Peak library and data access groups back Euro open access

The Council of Australian University Librarians has  declared support for the European open access Plan S –which calls for all scholarly publications which result from publicly funded research to be published in OA journals or OA platforms from 2020.

Who says what: The 39-member CAUL, with the 17 Aus and eight NZ university members in the Australasian Open Access Strategy Group “welcome the aspirations of Plan S to move towards immediate full open access.”

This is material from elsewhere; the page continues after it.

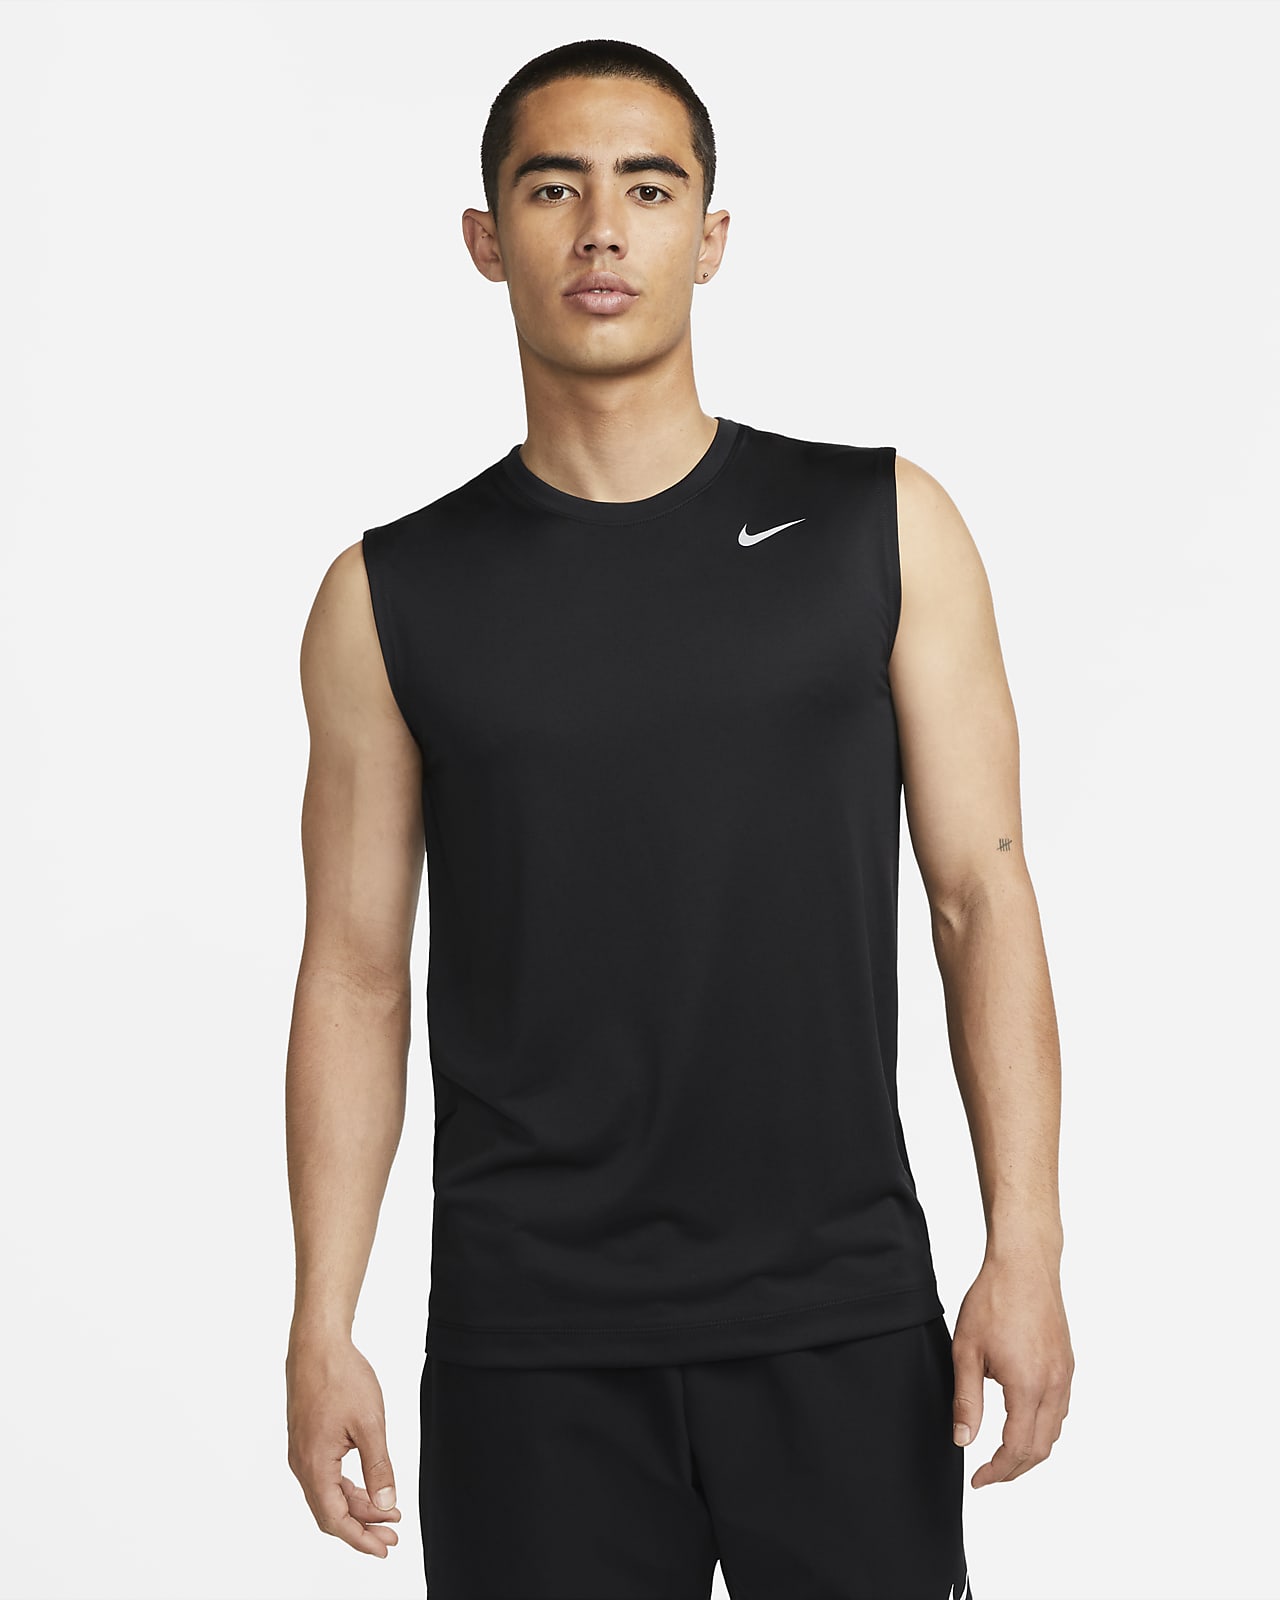 Men's Athletic & Workout Clothes. Nike IN

“We share the frustration of the plan’s architects that there has not been sufficient movement by publishers towards OA and agree that there is an imperative to compel publishers to address the needs of researchers and funders by providing the services that the research sector needs in order to implement full open access,” they announce.

Local needs to meet: However, they also call for an approach that meets the specific circumstances of the ANZ research communities; notably the role of repositories, which local funding agencies support for open access and which universities maintain. And they urge adoption of Green Open Access (no charge to research readers or authors) to make this possible.

“Support for repositories is essential if countries like Australia and New Zealand are to reach a position where Plan S could be adopted by their funding agencies.

“Without a viable Green OA option, it will be impossible for Australia, New Zealand and other countries that rely on repositories for OA to comply with Plan S.”

Easier said than done: The coalition also acknowledges that deciding Plan S should happen, and making it so are not quite the same.

“The implementation plan is not clear on whether responsibility for the implementation of Plan S sits with the research institutions, or the funders. If the latter, how will funders be supported to cover the administrative overheads for the management of author copyrights, or compliance? Will the financial burden shift from universities (eg, subscription costs) to funders for publishing charges? In this context, it will be important to ensure funders will be willing and fully equipped to adopt Plan S.”

More involved than articles: And the coalition warns Plan S needs to expand to cover data, which publishers are also keen on commercialising.

Commercial publishers are rapidly building infrastructure, workflows and business models to attract and accommodate a growing corpus of research data into their business. Their aim is undoubtedly to grow their business and revenue streams. The result may ultimately mirror the control and manipulation in the current journal article publishing marketplace. With the adoption and implementation of national research data services, we believe that Plan S should be inclusive of all research outputs. Addressing OA to research data via Plan S now will exert additional pressure on commercial publishers and research-intensive institutions to influence research culture and researcher behaviour.”

What it means: The feds having to fund any local Plan S is what. In addition to the infrastructure costs CAUL and AOASG set-out, the for-profit publishers will simply not shut-down their pay-to-subscribe, pay-to-read, pay-to-publish journals money-printing presses.  There are stalemates across Europe where university systems and publishers cannot agree on access and journals are not available in libraries. This would cause academic uproar here, given OA is nowhere as high-profile.

Which means universities will look to the National Health and Medical Research Council and the Australian Research Council, who fund most research, for help – and the agencies will look to the feds.  The brief for the incoming minister after the election is being updated now.